━━━ Dataset extract
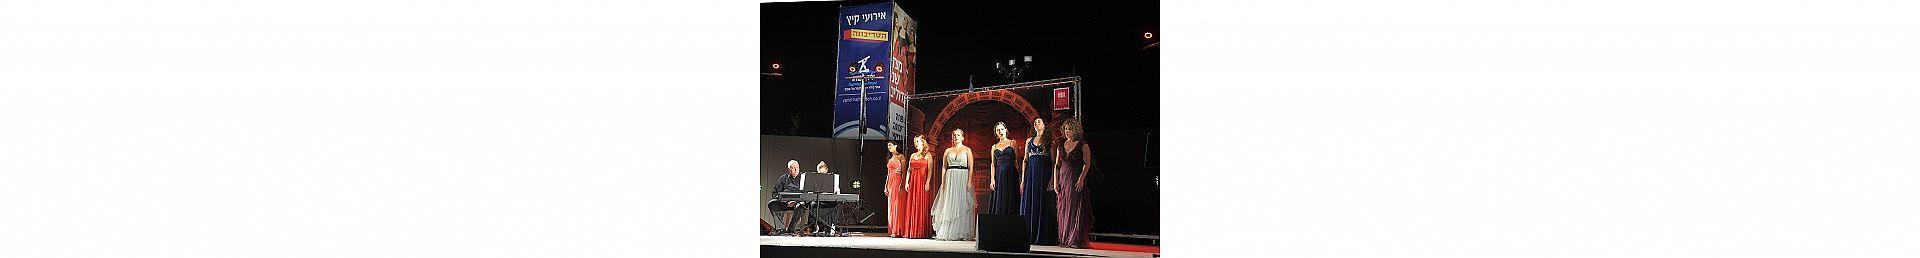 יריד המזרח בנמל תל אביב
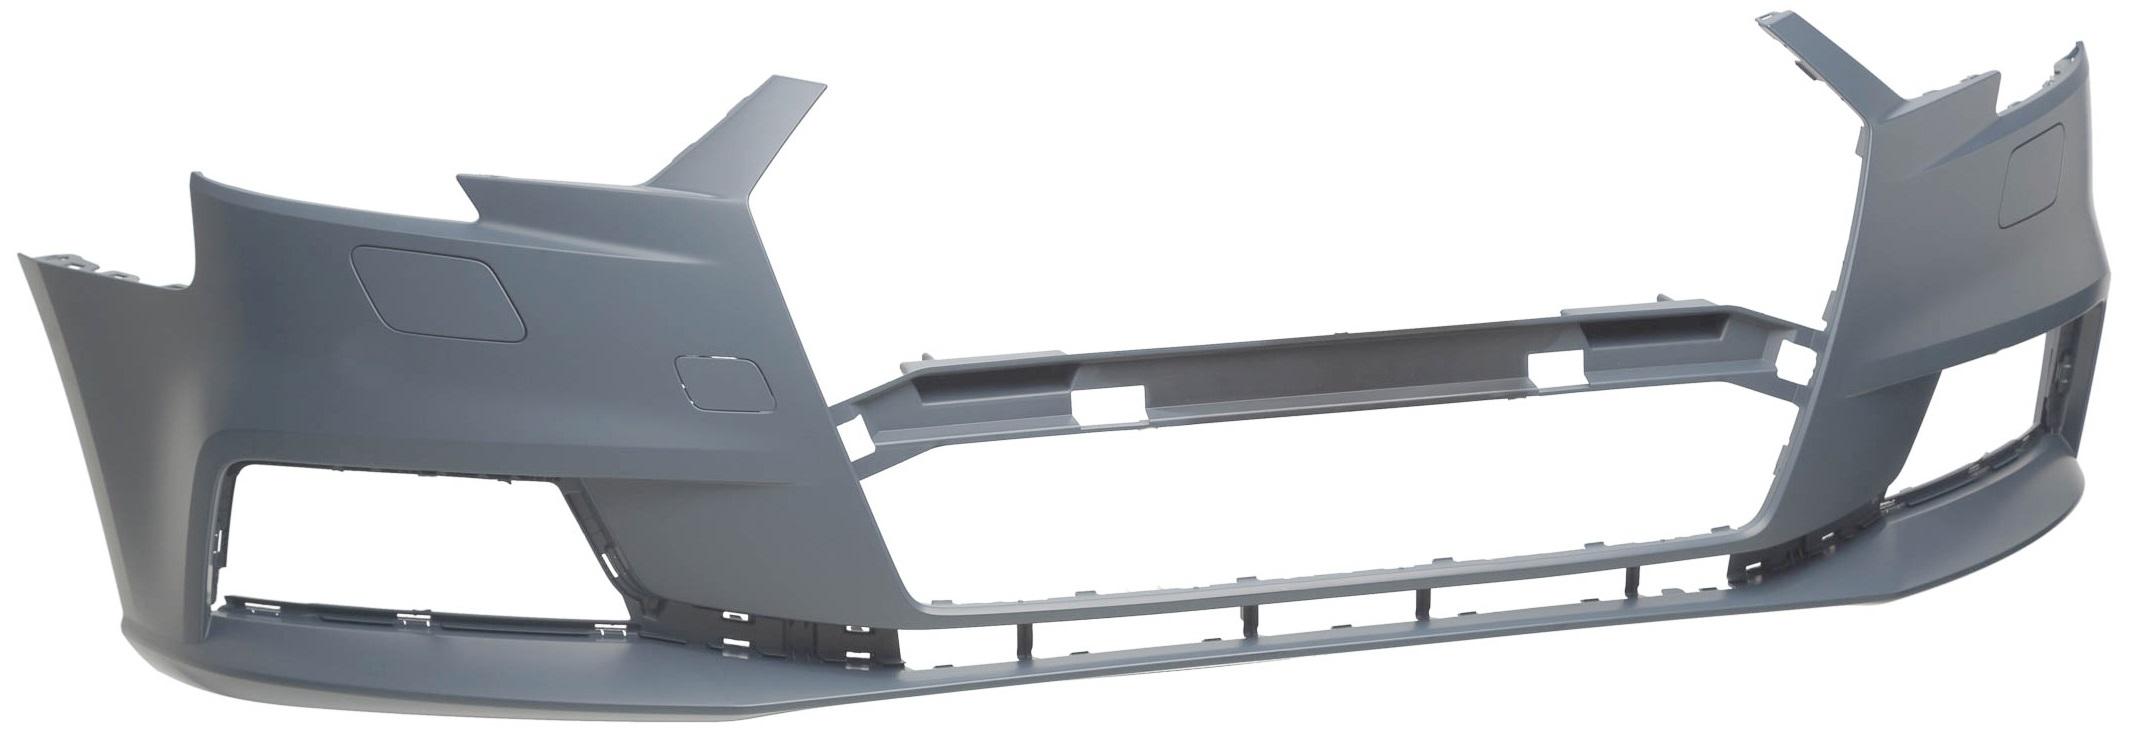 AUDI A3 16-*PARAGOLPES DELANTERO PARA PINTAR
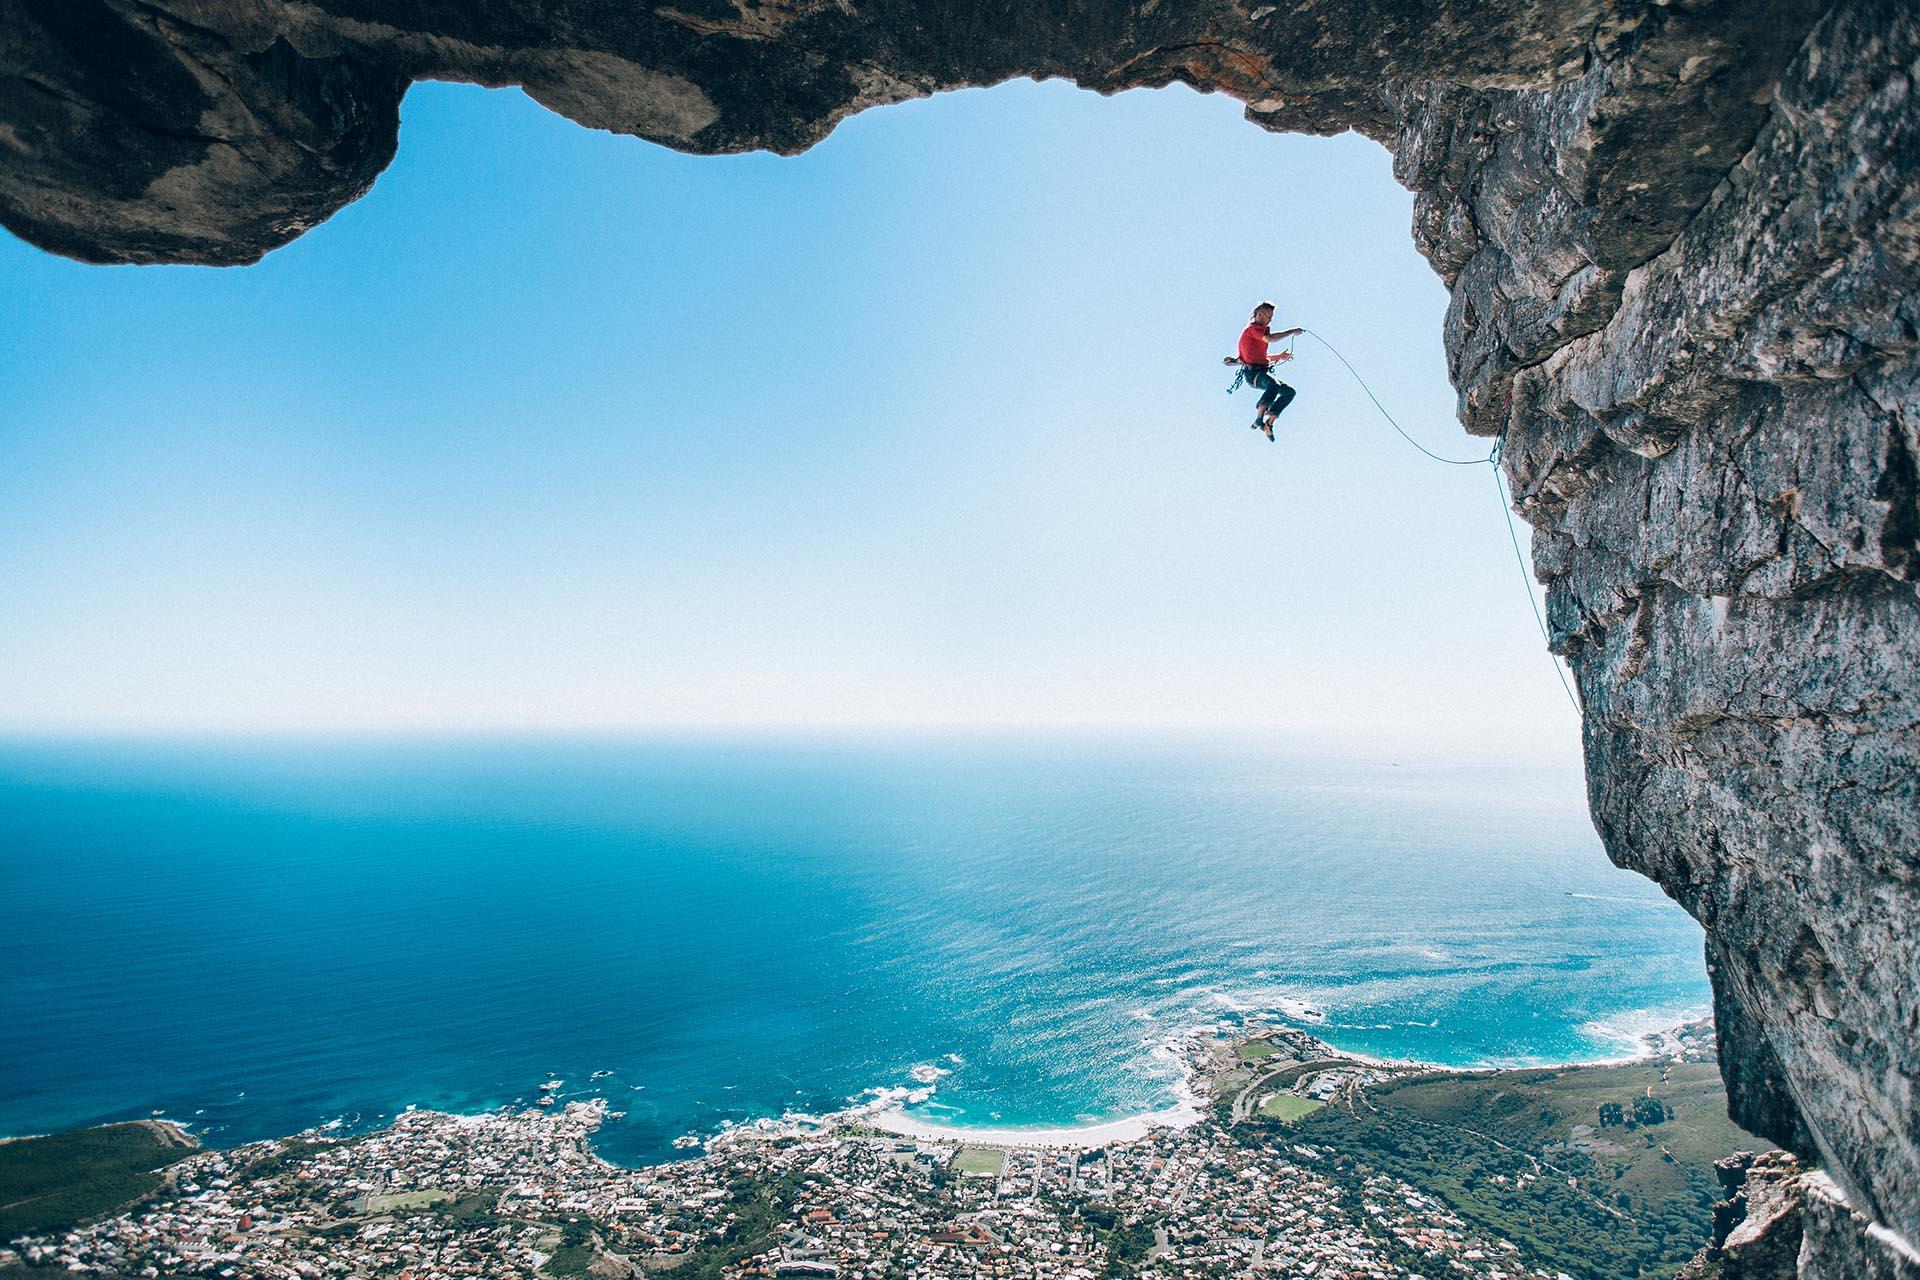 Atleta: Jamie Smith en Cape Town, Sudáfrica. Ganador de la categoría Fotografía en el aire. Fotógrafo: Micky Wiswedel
━━━━━━
= Action item =
Drop the images and return the data verbatim.

= Reply to the exercise =
 יריד המזרח בנמל תל אביב
 AUDI A3 16-*PARAGOLPES DELANTERO PARA PINTAR
 Atleta: Jamie Smith en Cape Town, Sudáfrica. Ganador de la categoría Fotografía en el aire. Fotógrafo: Micky Wiswedel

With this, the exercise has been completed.